Section 7.5. Document Type Definition (DTD) | Web Design in a Nutshell: A Desktop Quick Reference (In a Nutshell (OReilly))

7.5. Document Type Definition (DTD)

A Document Type Definition (DTD) is a file associated with SGML and XML documents that defines how markup tags should be interpreted by the application reading the document. The DTD uses SGML syntax to explain precisely which elements and attributes may appear in a document and the context in which they may be used. DTDs were briefly introduced earlier in this chapter. In this section, we'll take a closer look.

A DTD is a text document that contains a set of rules, formally known as element declarations , attlist (attribute) declarations, and entity declarations. DTDs are most often stored in a separate file (with the .dtd suffix) and shared by multiple documents; however, DTD information can be included inside the XML document as well. Both methods are demonstrated later in this section.

Reading DTDs

While you may never be required to write a DTD, knowing how to read one is a useful skill if you plan on getting cozy with XHTML or any other DTD released by the W3C. This chapter should give you a good start, but you may also want to check out these online resources.

"How to Read W3C Specs" by J. David Eisenberg at www.alistapart.com/articles/readspec/
W3Schools DTD Tutorial at www.w3schools.com/dtd/default.asp

7.5.1. Document Type Declarations

XML documents specify which DTD they use via a document type declaration (also called a DOCTYPE declaration).

When the DTD is an external document, the DOCTYPE declaration identifies the root element for the document, lists the method used to identify the DTD (SYSTEM or PUBLIC), and then finally provides the location or name of the DTD itself. When using an external DTD, it is recommended that you include the standalone attribute set to "no" in the XML declaration.

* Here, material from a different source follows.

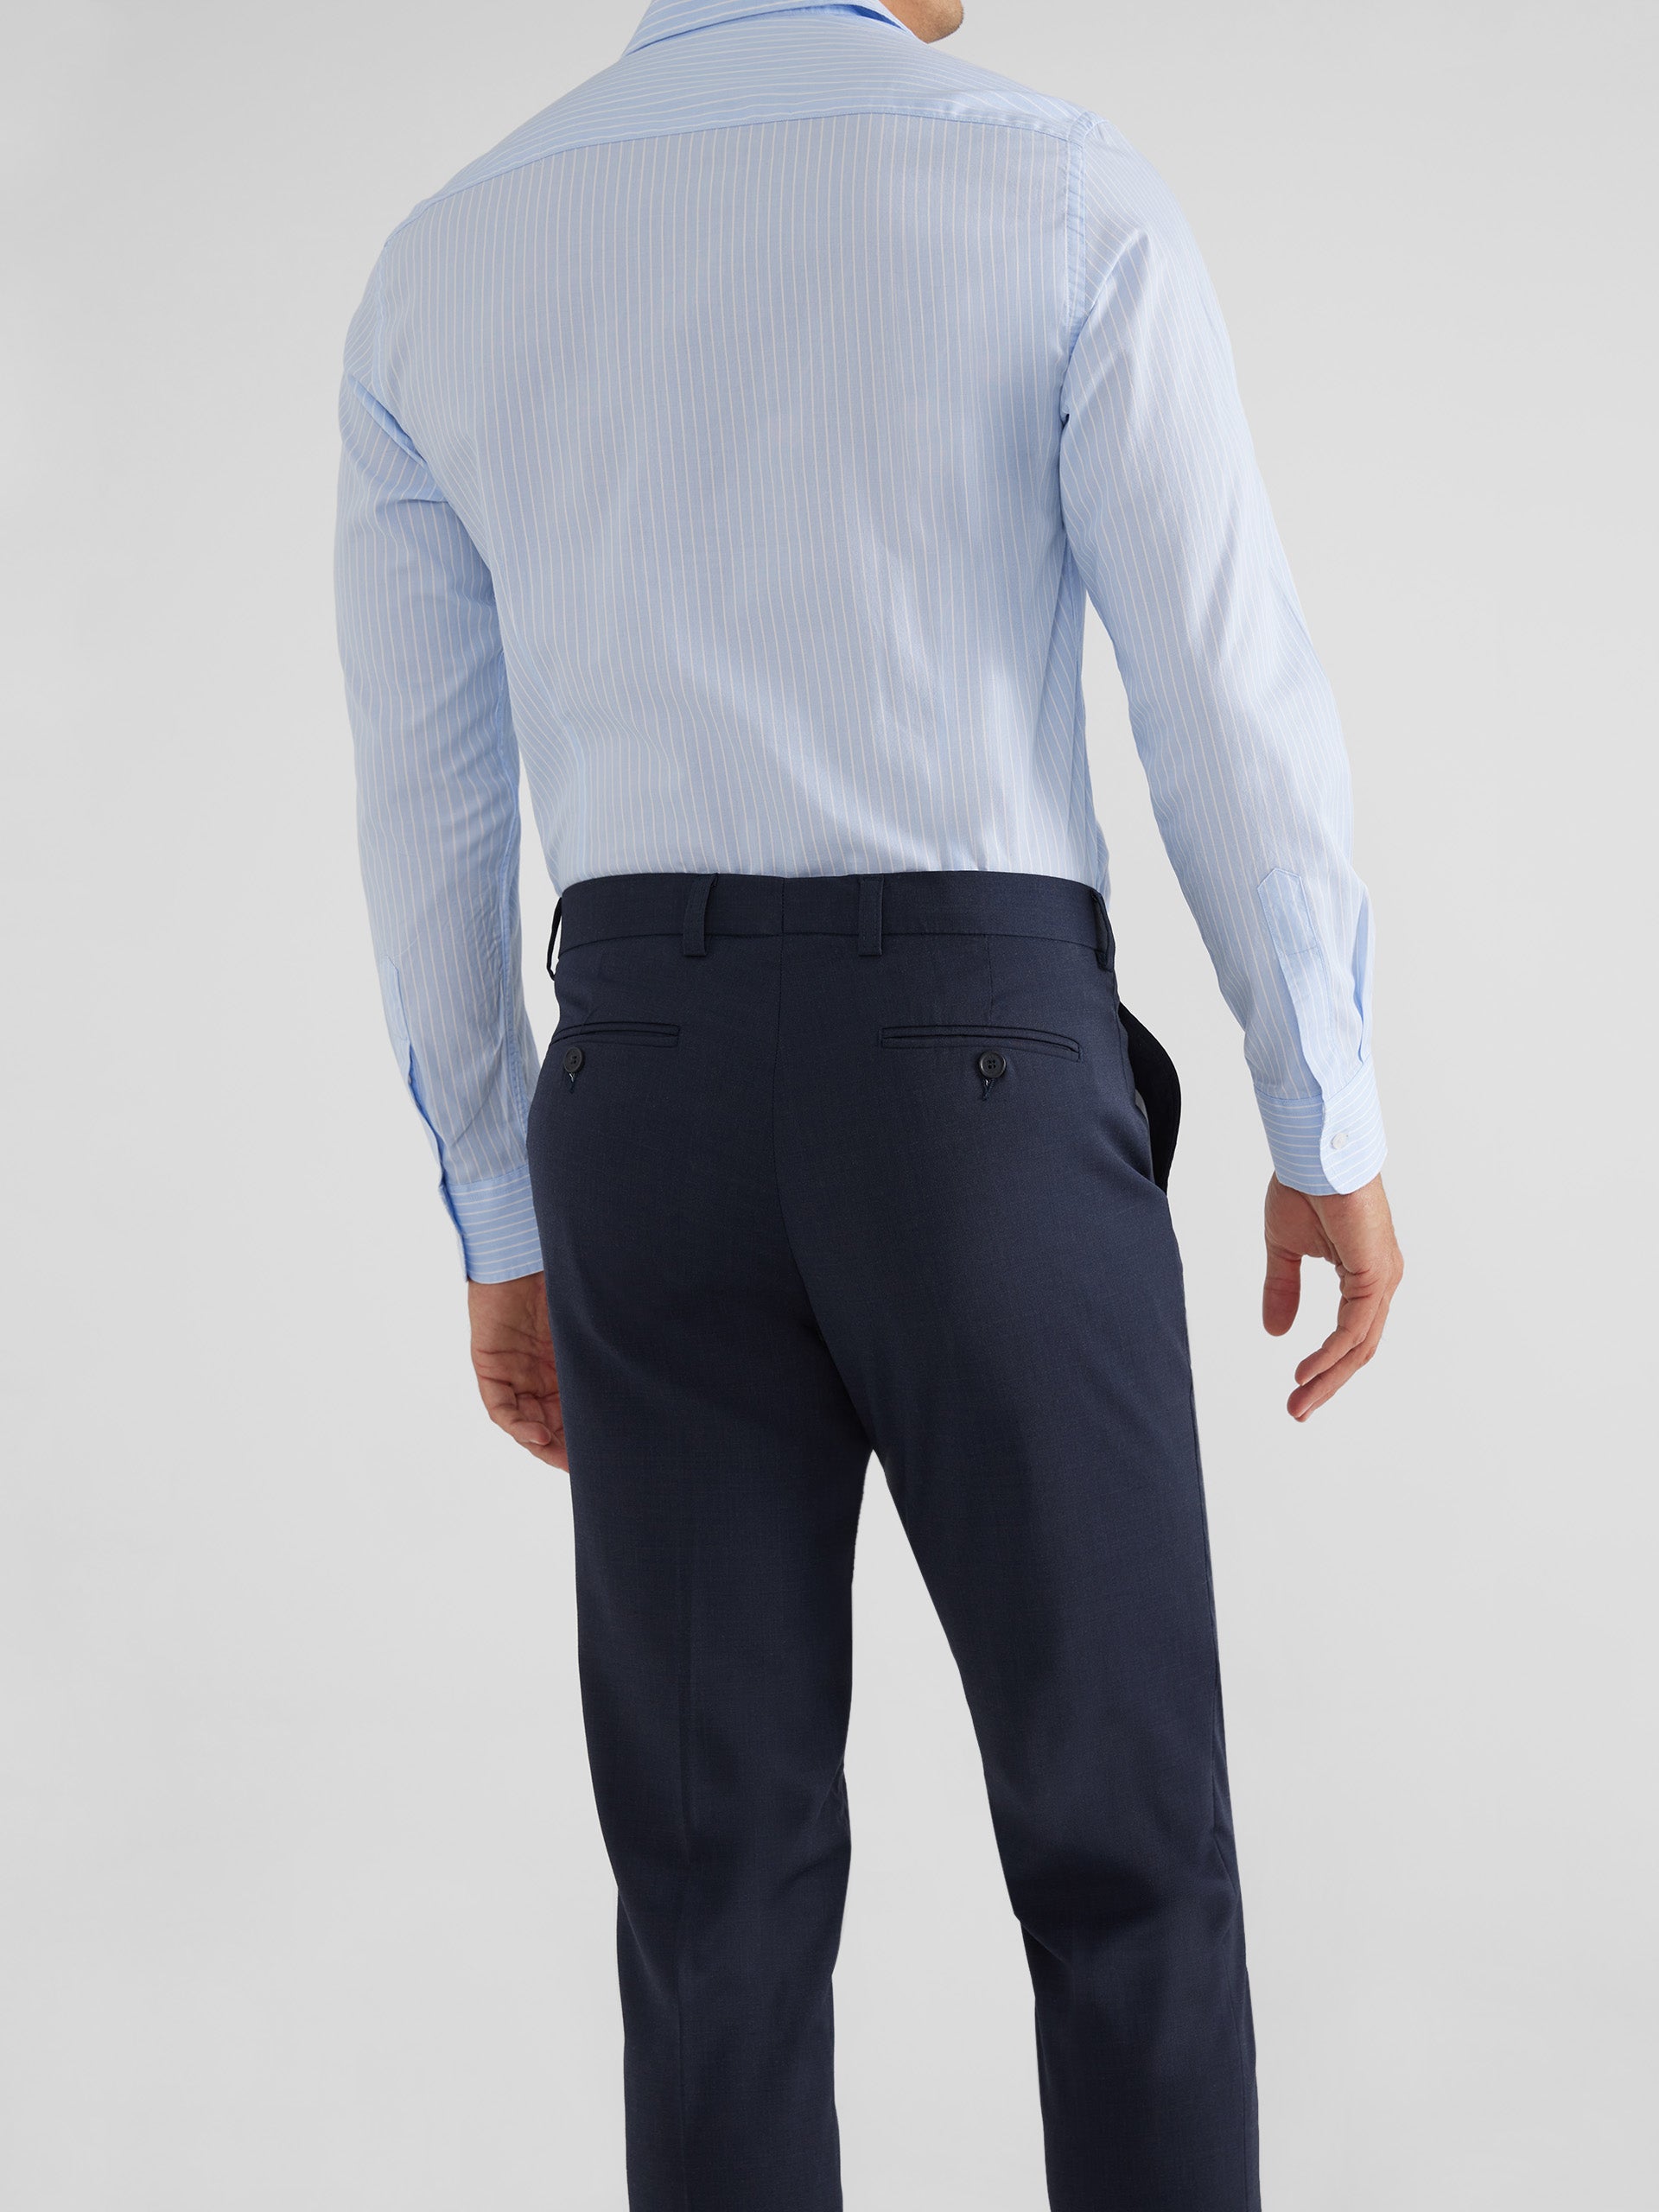 Pantalon vestir classic azul medio
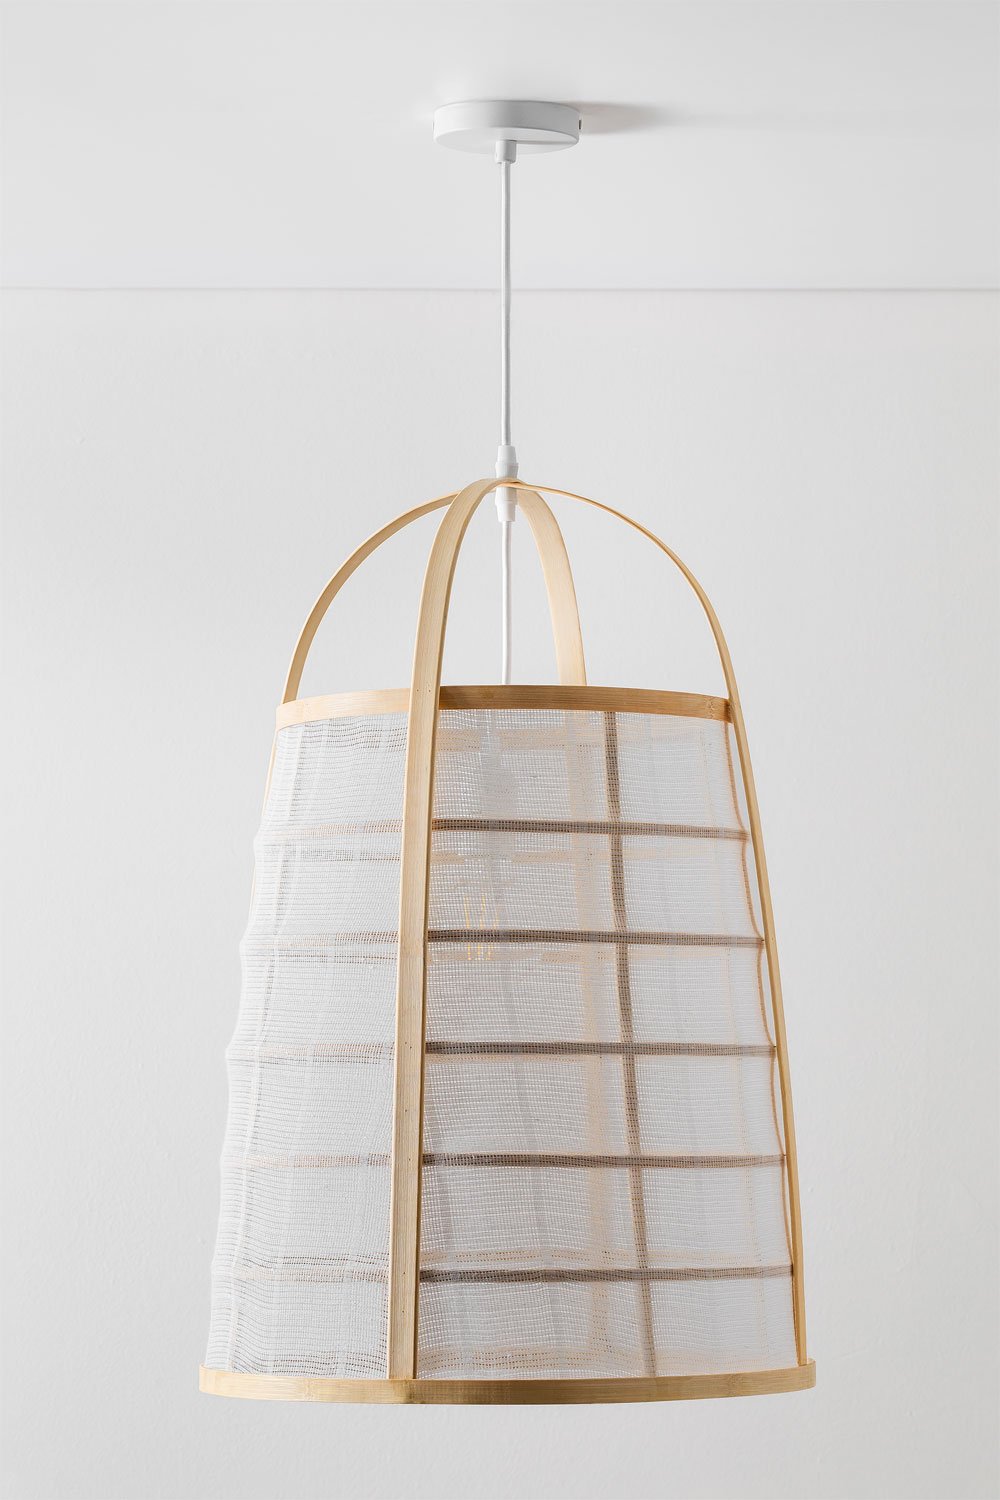 Plafondlamp van bamboe en katoen (Ø40 cm) Mikayla, galerij beeld 1

A SYSTEM identifier points to the DTD file by location (its URI), as shown in this example:

 <?xml version="1.0" standalone="no"?> <!DOCTYPE compilation SYSTEM "http://www.littlechair.com/notreal/comp.dtd">

DTDs that are shared by a large community or are hosted at multiple sites may have a PUBLIC ID that specifies the XML application. When public IDs are used, it is common practice to supply an additional SYSTEM URI because it is better supported. Web developers who write documents in XHTML will be familiar with the following DOCTYPE declaration that indicates the root element (html) and the public identifier for XHTML Strict. This declaration also specifies its URL as a backup method.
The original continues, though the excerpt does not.